In this case,FlexBooker was using an AWS S3 bucket.
S3 buckets are an increasingly popular enterprise cloud storage solution.
However, users must set up their security protocols manually to protect any data stored therein.
So, we sent another email informing them of a new breach.
For example, a plumbing supply company was using FlexBooker to schedule consultations between employees and customers.
In this instance, PII data for both people were exposed.
FlexBookers S3 bucket was live at the time of discovery and constantly updated with additional data.
In a phishing campaign, criminals send victims fake emails and text messages imitating businesses.
Some bookings exposed incurred cancellation fees, adding a cost to the users.
Hackers would not have any obvious financial gain from such actions.
They could simply decide to engage in such malicious activities for fun.
If users abandon FlexBooker en masse,it may never recover that lost revenue.
Potential users will undoubtedly consider alternatives based on the number of stories about breaches and hacks at FlexBooker.

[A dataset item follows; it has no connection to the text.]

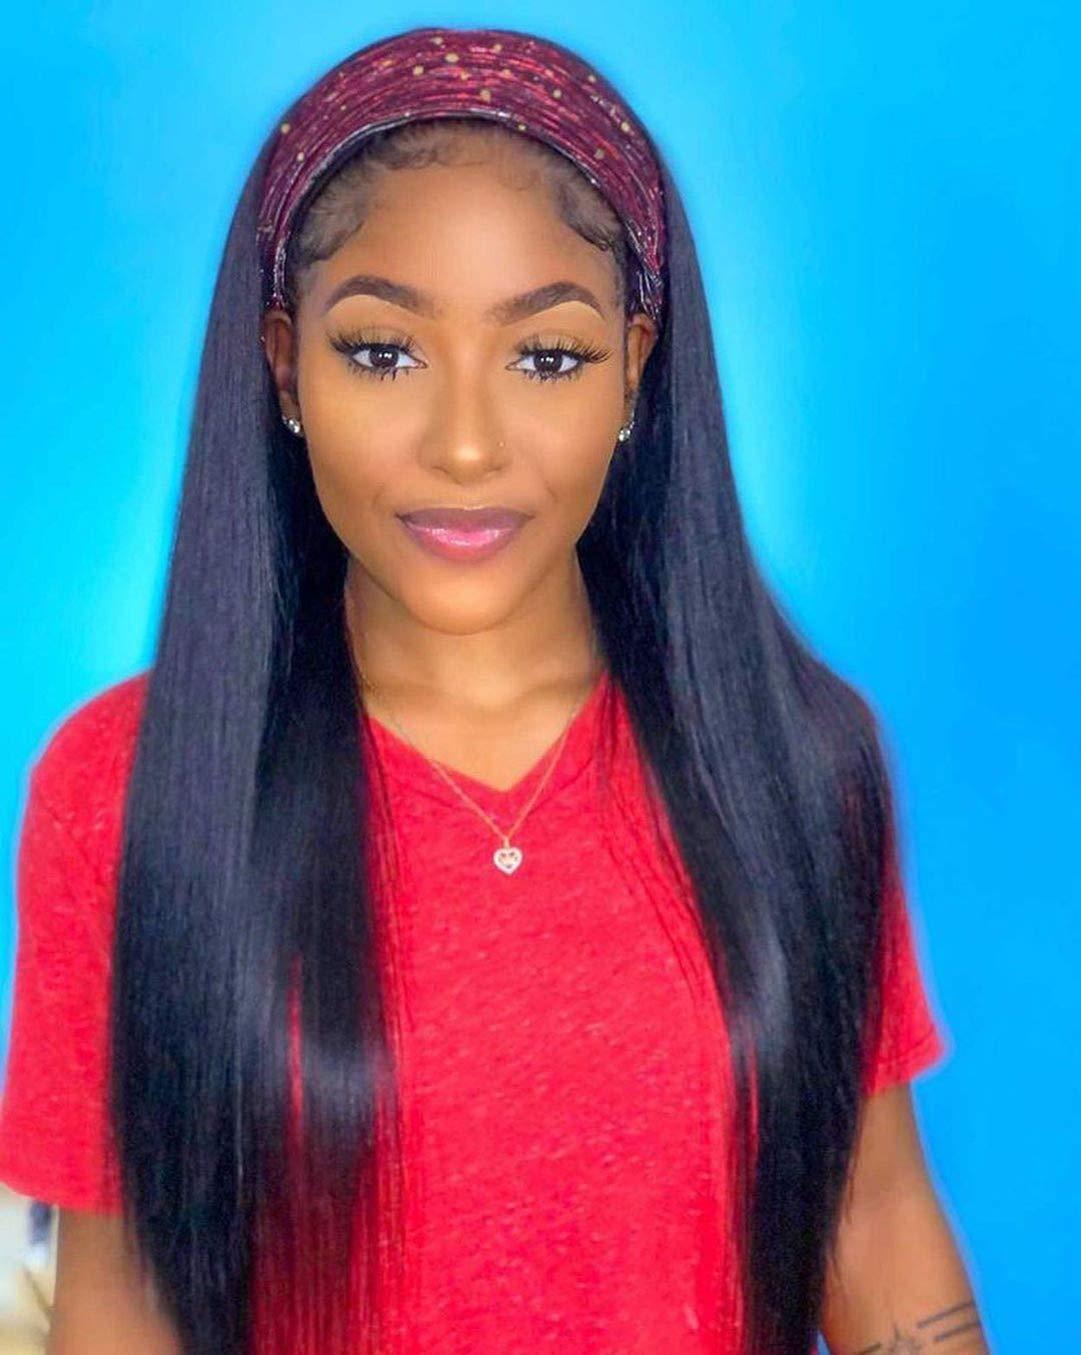 Straight Human Hair Headband 送料無料激安祭 正規取扱店 Wigs for Made Women N Machine Black

Amazon provides detailed instructions to AWS users to help them secure S3 buckets and keep them private.
To learn about data vulnerabilities in general, read ourcomplete guide to online privacy.
It shows you the many ways cybercriminals target internet users and the steps you might take to stay safe.
They then examine each data store for any data being leaked.
Our team was able to access this S3 bucket because it was completely unsecured and unencrypted.
The purpose of this web mapping project is to helpmake the internet safer for all users.
Only the data’s owner can know that.
We never sell, store, or expose any information we encounter during our security research.
Our ethical security research team has discovered and disclosed some of the most impactful data breaches in recent years.
This has included an enormous data breach by a Ghanaian government agency thatexposed 100,000s of the countrys citizens.
We also revealed that an Australian marketing company was harvesting and exposingdata collected from 100,000s of people.
You may also want to readour VPN Leak Report and Data Privacy Stats Report.
Help Us Protect The Internet!
Alternatively, anyone cansubmit a breach to vpnMentor, any time, from anywhere, without compromising your privacy.
Check the Leak Box here »
kindly, comment on how to improve this article.